By this point Rachel was out of bed and she and I talked, and she told me what she'd been doing at school in the way 5 year-olds tell you those things (viz, lots of disjointed details, of which the only one I can remember is that the school headmaster has a moustache!).  By then Grace wanted to watch something on the ipad (which would disconnect me).  Rachel tried to dissuade her and I heard her tell Grace "he just wants to spend time with us".  I melted: I just love how much they "get it".  Although I should add that this didn't stop Grace hanging up on me!

Being a long distance Dad isn't great.  But Lordy, I wouldn't swap being a Dad for all the tea in China.
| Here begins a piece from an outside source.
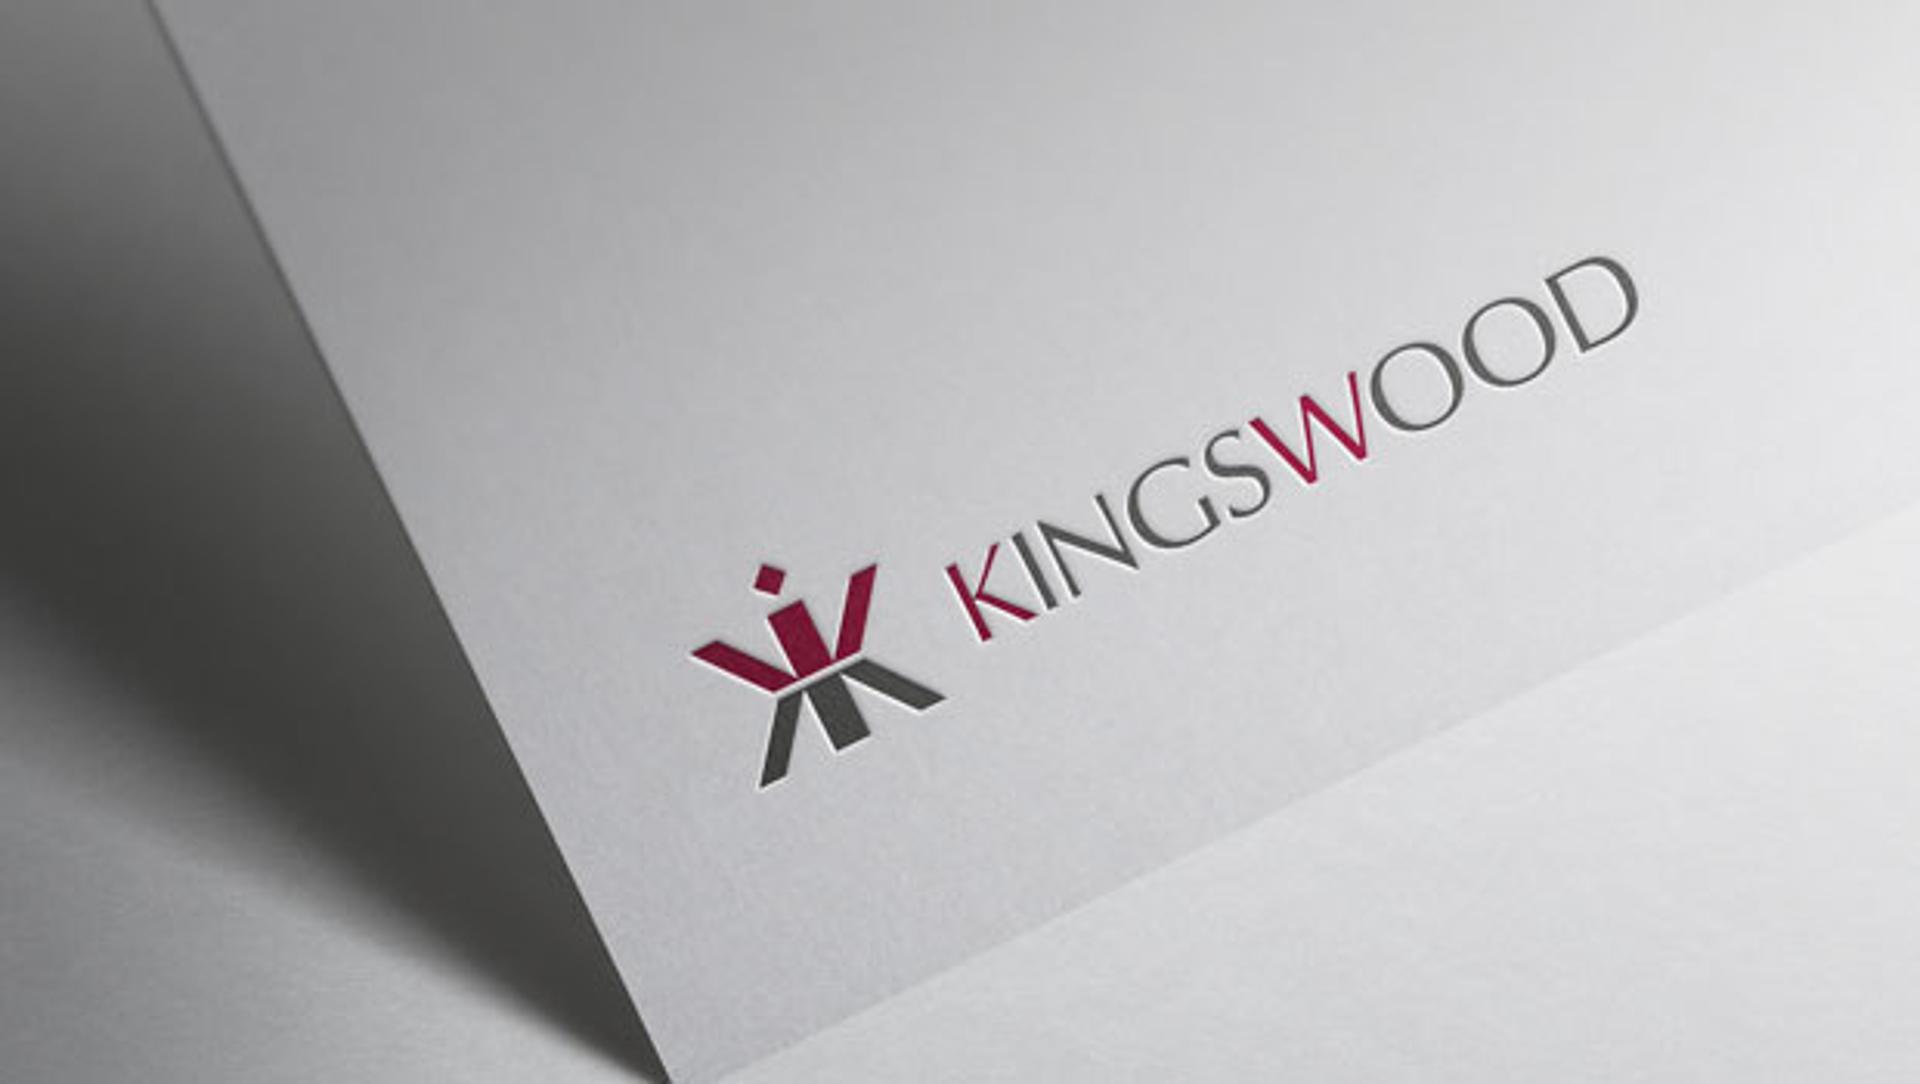 Kingswood strikes first deal of 2022 as acquisition drive continues
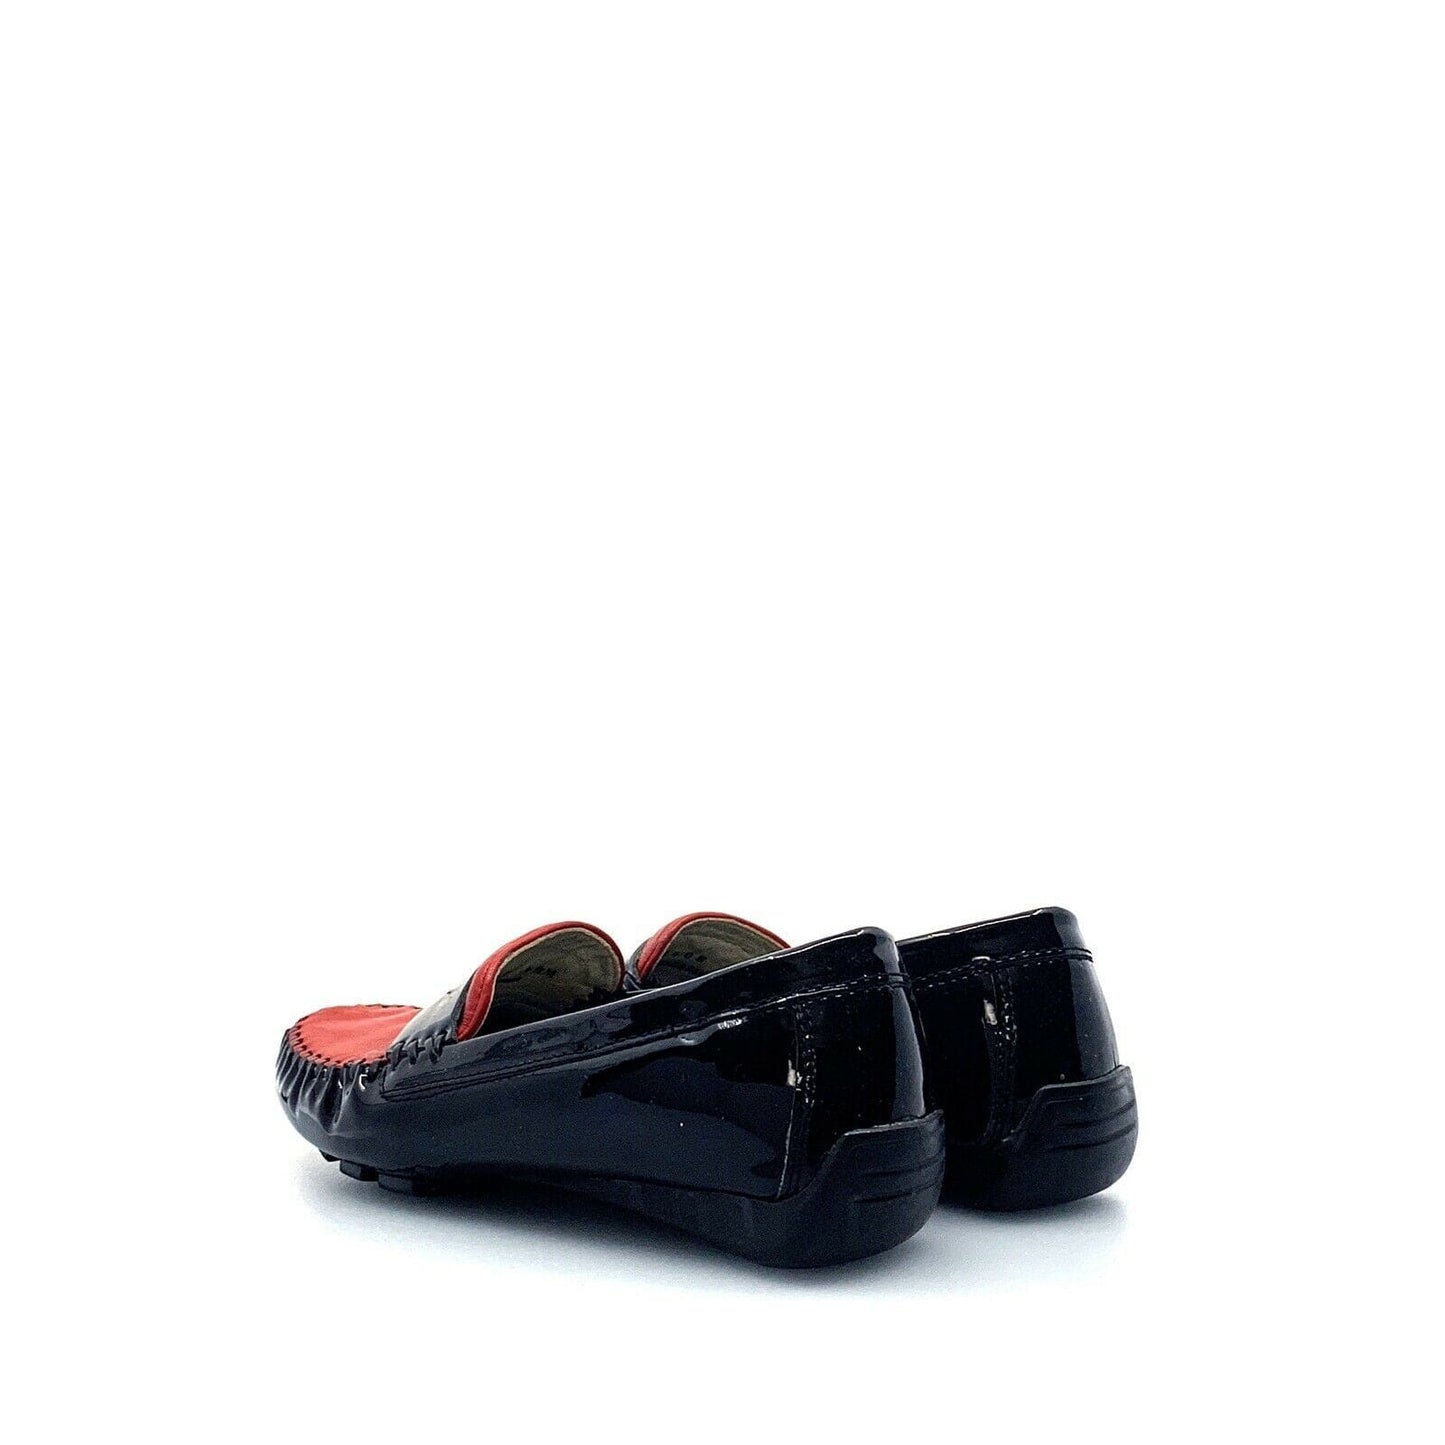 Robert Zur Womens Size 4.5M Black Red Moccasins Shoes Patent Leather Flats

Drafting Cattle and Running

Hi everyone,
 
It's been a good day here in most respects.  Indeed, in nearly all respects!
 
Because I got to bed late after Skyping last night, and had been up early from the get-go, I switched off the alarms on my phone.  I slept very soundly and until about 8:30am.
 
 
 
The morning was taken up with drafting and marking calves.  We had quite a team to do it: Dad doing the marking and tagging, Little Sister and Second Oldest Sister loading up the ear-tags and marking rings, and me, Michael and Barry S droving and drafting them in.
 
 
I lost count of how many cows went through for drenching and calves were marked and tagged.  At any rate it was a beautiful sun-drenched morning for it, and Michael was on his best behaviour.  It was good to have Barry especially: he handles cattle well and he's a very level-headed man.
 
 
We'd finished with the cattle by midday, which happened to coincide with the corned beef finishing in the pot.  Score!  It was as good a piece of silverside as I've ever had, eaten with lettuce and tomatoes.  Oddly, Michael stayed sitting outside on the verandah in a deckchair.  I don't know if he was sulking or just enjoying the sun.  It's just kind of awkward.
 
 
After lunch there was some activity on Fran's and my car - Michael volunteered to change the oil in
both(!) and I changed the tyre on mine that kept slowly going down.  Good to get that off my conscience.
 
At about 4pm I headed out on a long Sunday run, in a big loop to the east of here.  You know that I've been kind of avoiding the more awkward bits of the Little Sister - Michael situation, and on a long run bullshit can never catch up with you.  Never have I been so thankful that when the ex wanted out of our marriage, she zapped the relationship with clinical, hitwoman-esque efficiency.  Clean wounds heal fastest.
 
 
Anyway, it was a truly stunning day to be out.  The crops of canola and triticale are coming up everywhere, and the afternoon sunlight was positively golden.
 
 
 
When I got back I gave the dog a short walk and admired a pink-gold sunset.
 
 
This was about as good as the evening got: dinner was logistically awkward as Little Sister and Michael spent several hours on a heart-to-heart in the kitchen.  I don't know what the outcome was, although Michael came into the lounge room about 15 minutes ago (while I was typing this), leading to this exchange -
Michael: "Alright all, I'm off"
Mum: "Oh OK.  See you in a week or two?"
Michael: "No."
Mum: "No?"
Michael: "No."

 
And with that he left.  Sigh: I can understand a great many things, but I doubt I will ever understand people.
 
Not much more to add.  This week looks quiet at work and I may well spend some quality time looking for a second job, or a post-April 2016 job, or both.
 
Looking forward to updating you all!